SUPPLIED INFORMATION:
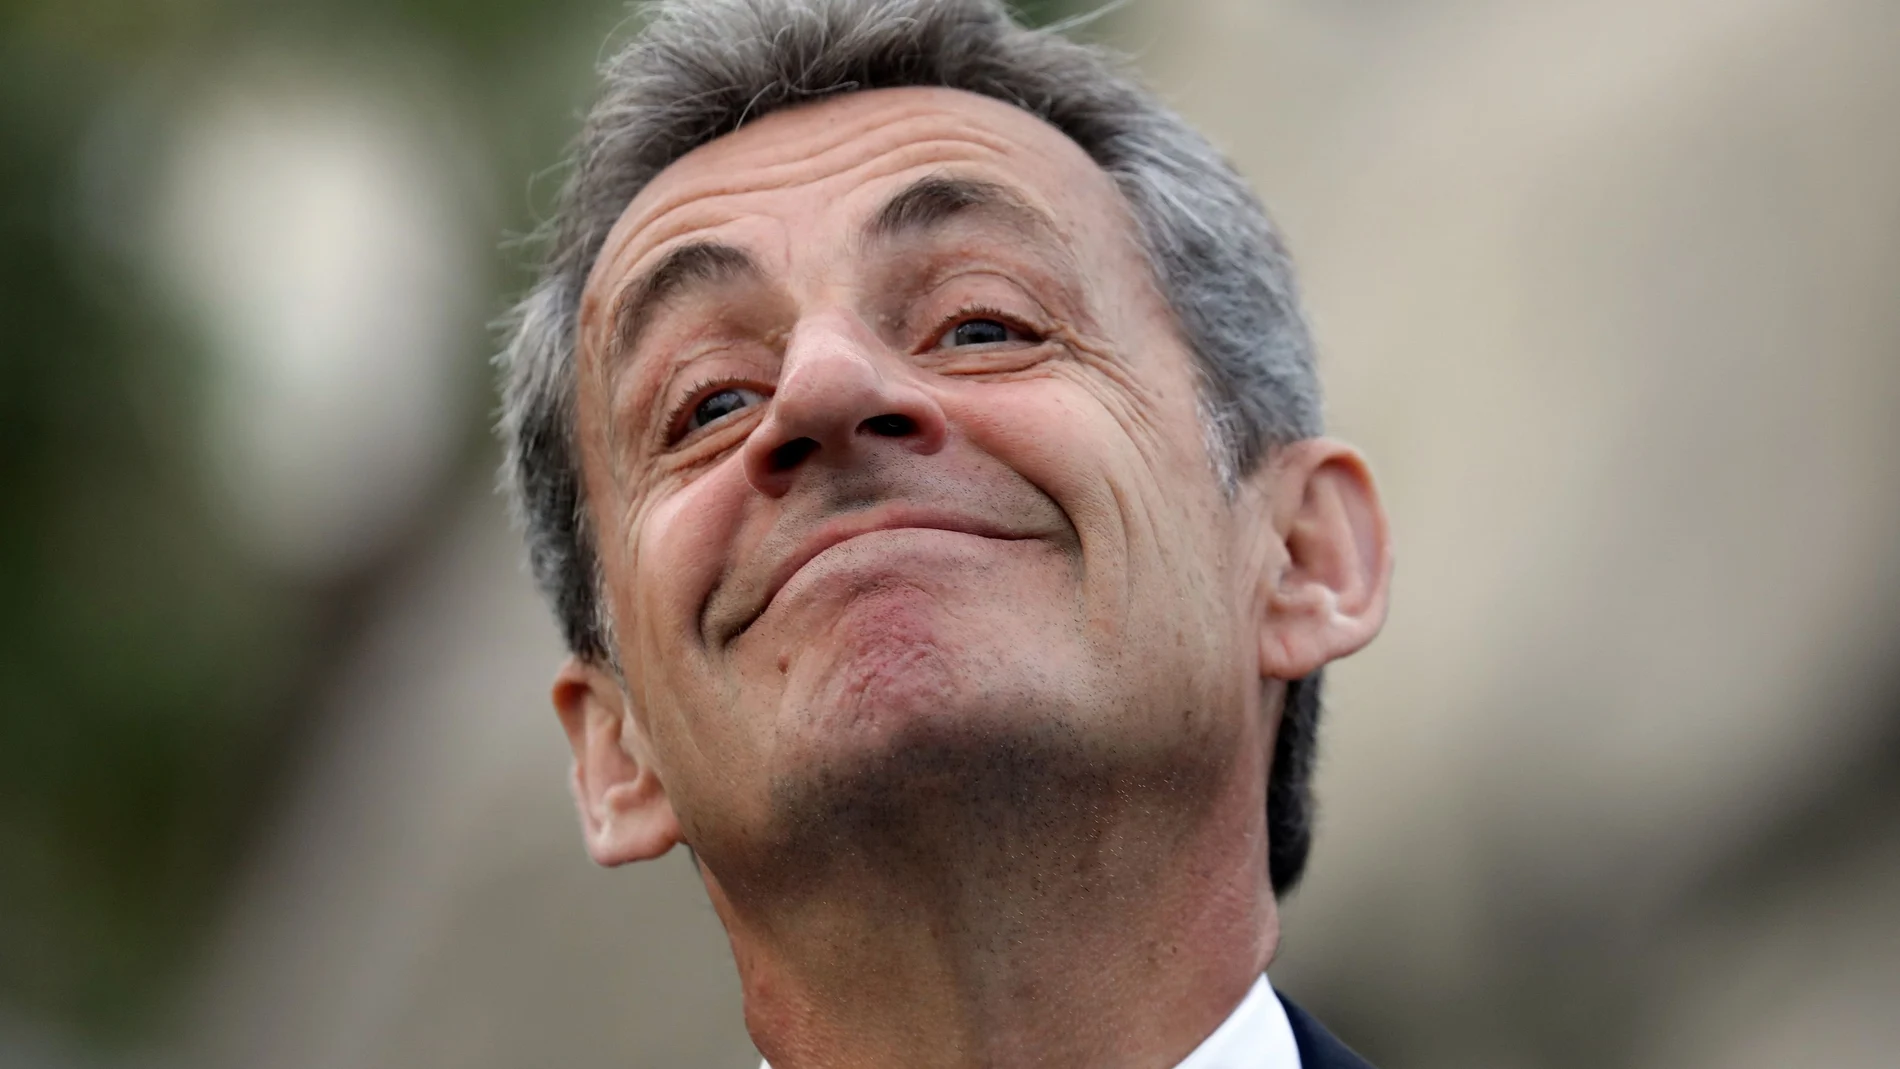 Former French President Nicolas Sarkozy is pictured during a visit in Nice.
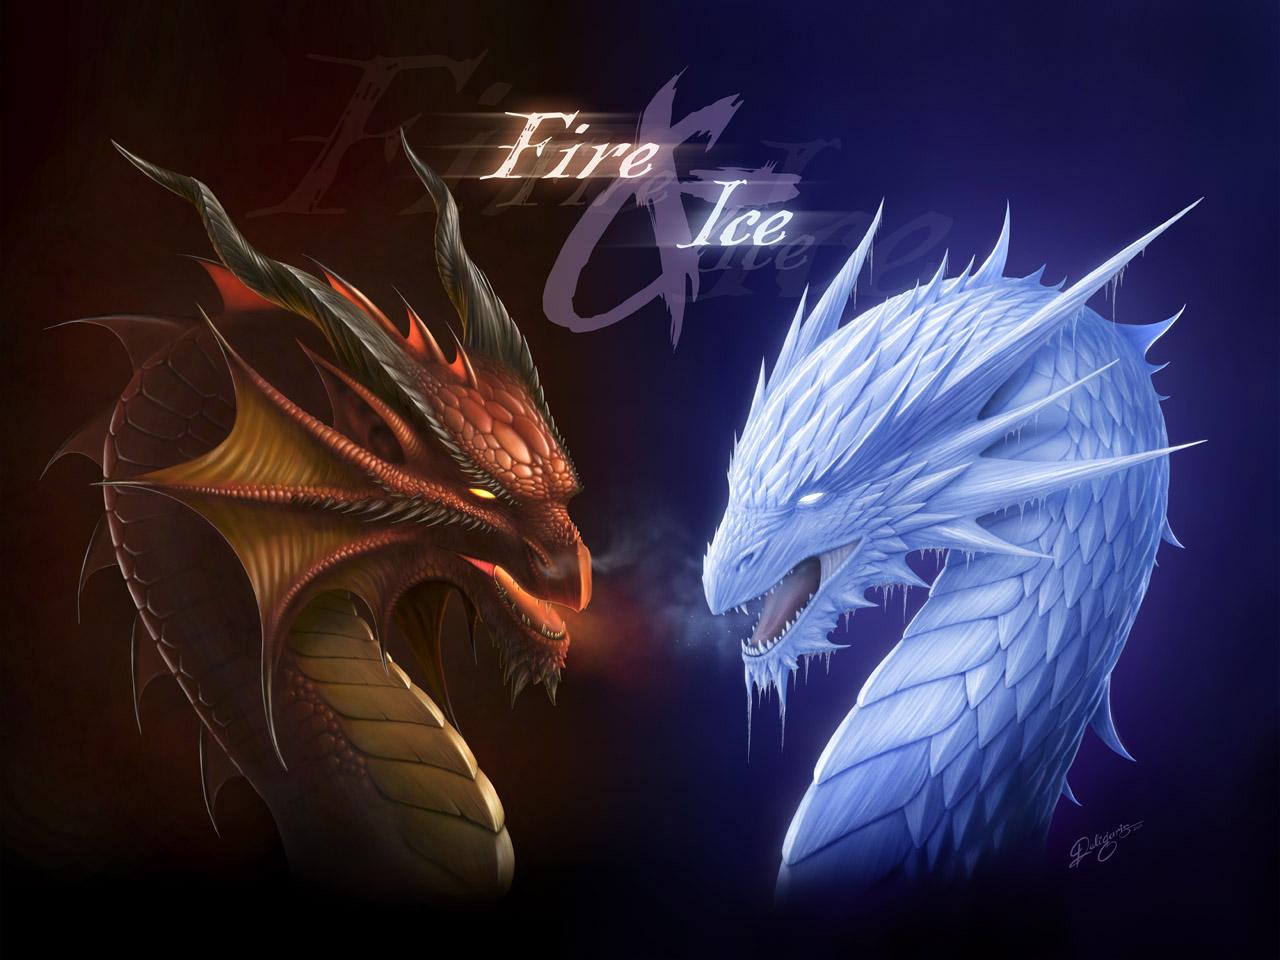 Fire and Ice Dragons wallpaper from Dragons wallpaper
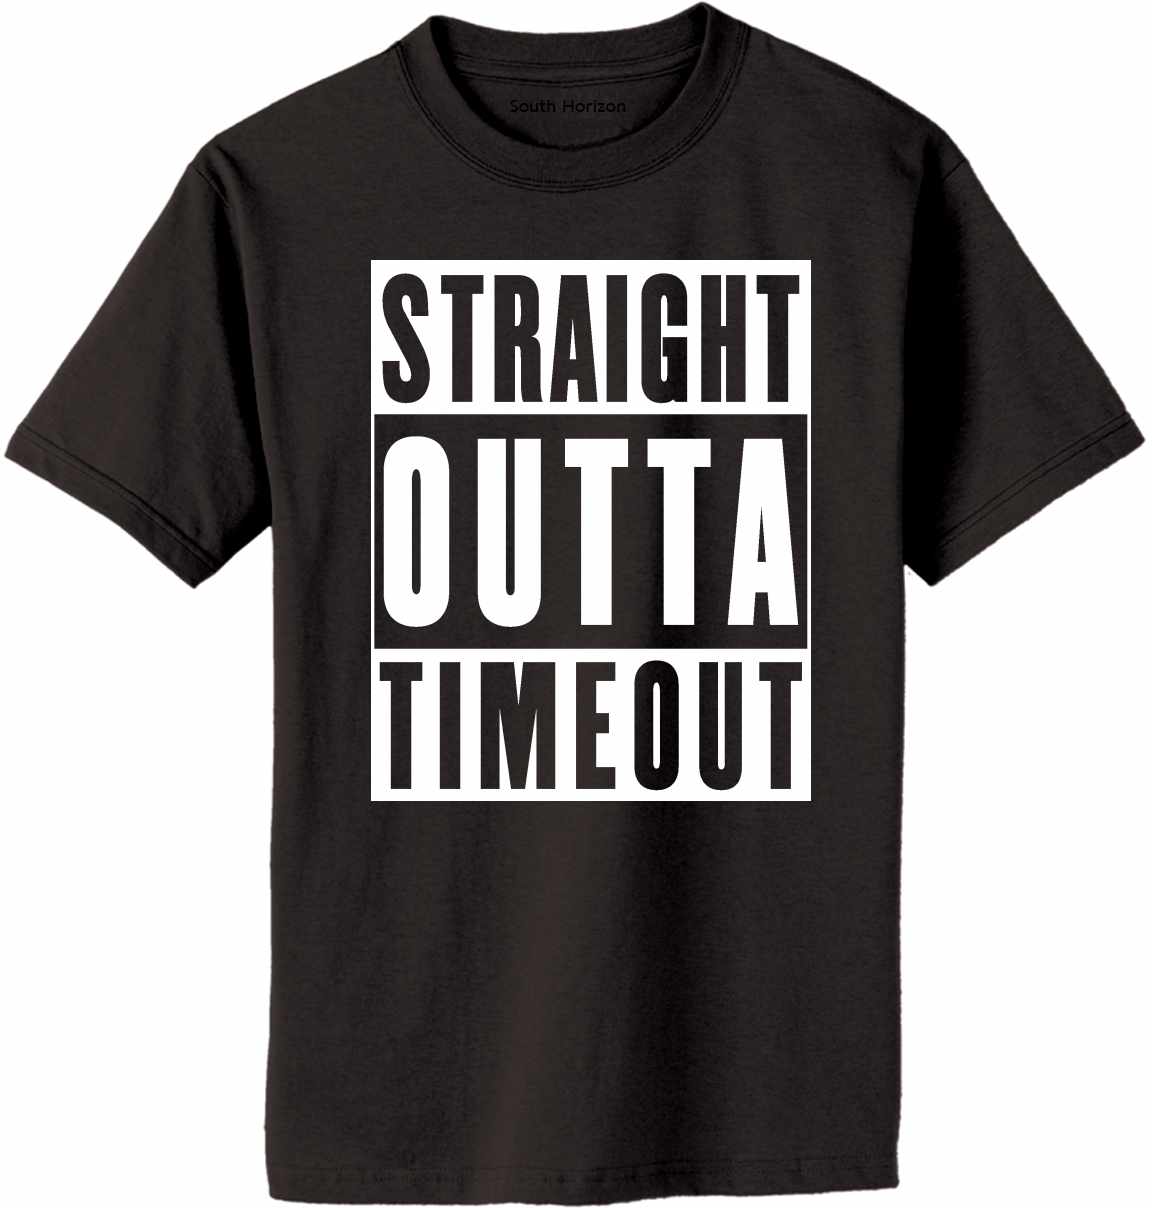 Straight Outta TimeOut Adult T-Shirt

DIRECTIONS FOR THIS TASK:
Set the entire listing down again, exact in every line, without any pictures.

EXERCISE RESPONSE:
 Former French President Nicolas Sarkozy is pictured during a visit in Nice.
 Fire and Ice Dragons wallpaper from Dragons wallpaper
 Straight Outta TimeOut Adult T-Shirt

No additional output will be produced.